Cancelling a running crawl?

wvengen · August 1, 2023, 11:45am

I’m looking for a way to cancel a running crawl in browsertrix-cloud. The API seems to have a crawl cancel endpoint, and I get a success response when cancelling the running job directly using curl, but nothing seems to change. Also deleting the pods and PVCs manually did not help here, as everything is recreated (which is good!).

a) Is the cancel endpoint supposed to be functioning? (looking in the code, it looks like it is)
b) Is there a way to cancel a running crawl from the frontend?

Hank · August 9, 2023, 3:31pm

Yes, you can cancel a running crawl via the actions menu of the crawl workflow, or the details page.

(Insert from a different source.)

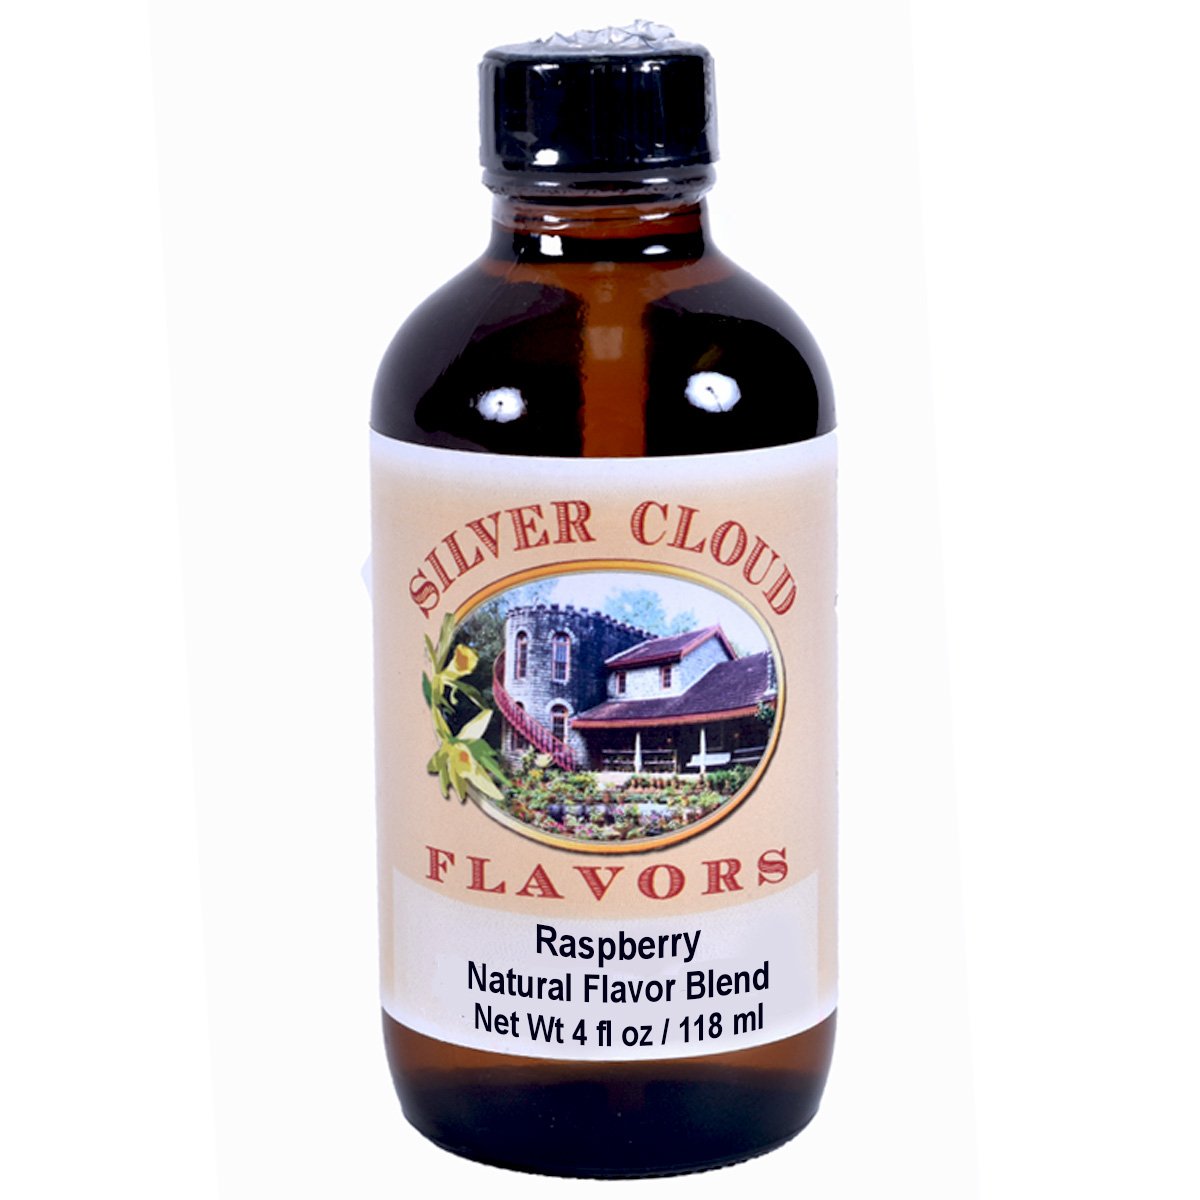 Raspberry, Natural Flavor Blend Silver Cloud Extract - Bake Supply Plus

It’s also worth noting that stopping a crawl is different from cancelling one. Stopping will retain all the data crawled up until it ends, whereas cancelling will throw it away.

API endpoint for gracefully stopping a crawl

API endpoint for cancelling a crawl

wvengen · August 9, 2023, 3:55pm

Thank you for showing this clearly! Somehow I had missed the UI location for this.

That the crawl didn’t actually stop after calling the API endpoint (we had insufficient resources for starting a new job, hence the job was running for a week without anything happening; after fixing the k8s nodes and waiting some days, the job is completed now), it must have been a rare case I triggered. Good to know it is normally working.

Thanks!

ilya · August 18, 2023, 1:05am

It was indeed odd that the job didn’t cancel right away – as we’ve tried to make cancelation pretty robust, but I guess more work is needed there. The operator is supposed to delete all of the pods when it receives a deletion (finalization) request – it only waits for the PVCs to be destroyed as well.
I suppose if the operator was somehow not running, due to resource constraints, perhaps it never got the request… We’ll try to reproduce this on our end.
We may need to use pod priority to keep track of this better as well.
Let us know if this happens again.

wvengen · August 21, 2023, 7:52am

Thanks for adding your thoughts here, that’s helpful! The operator was running, because when I deleted pods & pvcs manually, they were recreated. I’ll keep an eye open when this happens again.

darcyparks · December 14, 2023, 8:06am

Could you say how you fixed it? I have a similar problem: I start a job via the web interface, but it never starts due to insufficient resources. Not sure how to troubleshoot it.

wvengen · December 14, 2023, 8:36am

If your problem is that a job never starts due to insufficient resources, you may need to scale up your cluster / troubleshoot why no new pods are being created. There can be many reasons, that is something to debug on the Kubernetes-level.

If you can’t delete a job from the UI, I think that could be a bug. If you’re comfortable trying things manually - and probably brake something, so don’t just try this - you can probably interact with the crawljobs resource kubectl get crawljobs (probably in the crawlers namespace), and delete it there if the problem is that the Kubernetes-part is not deleted (but this will probably break things in in browsertrix-cloud!)

darcyparks · December 14, 2023, 8:50am

Thanks, I don’t think it’s a UI-problem. I will check through the Kubernetes settings.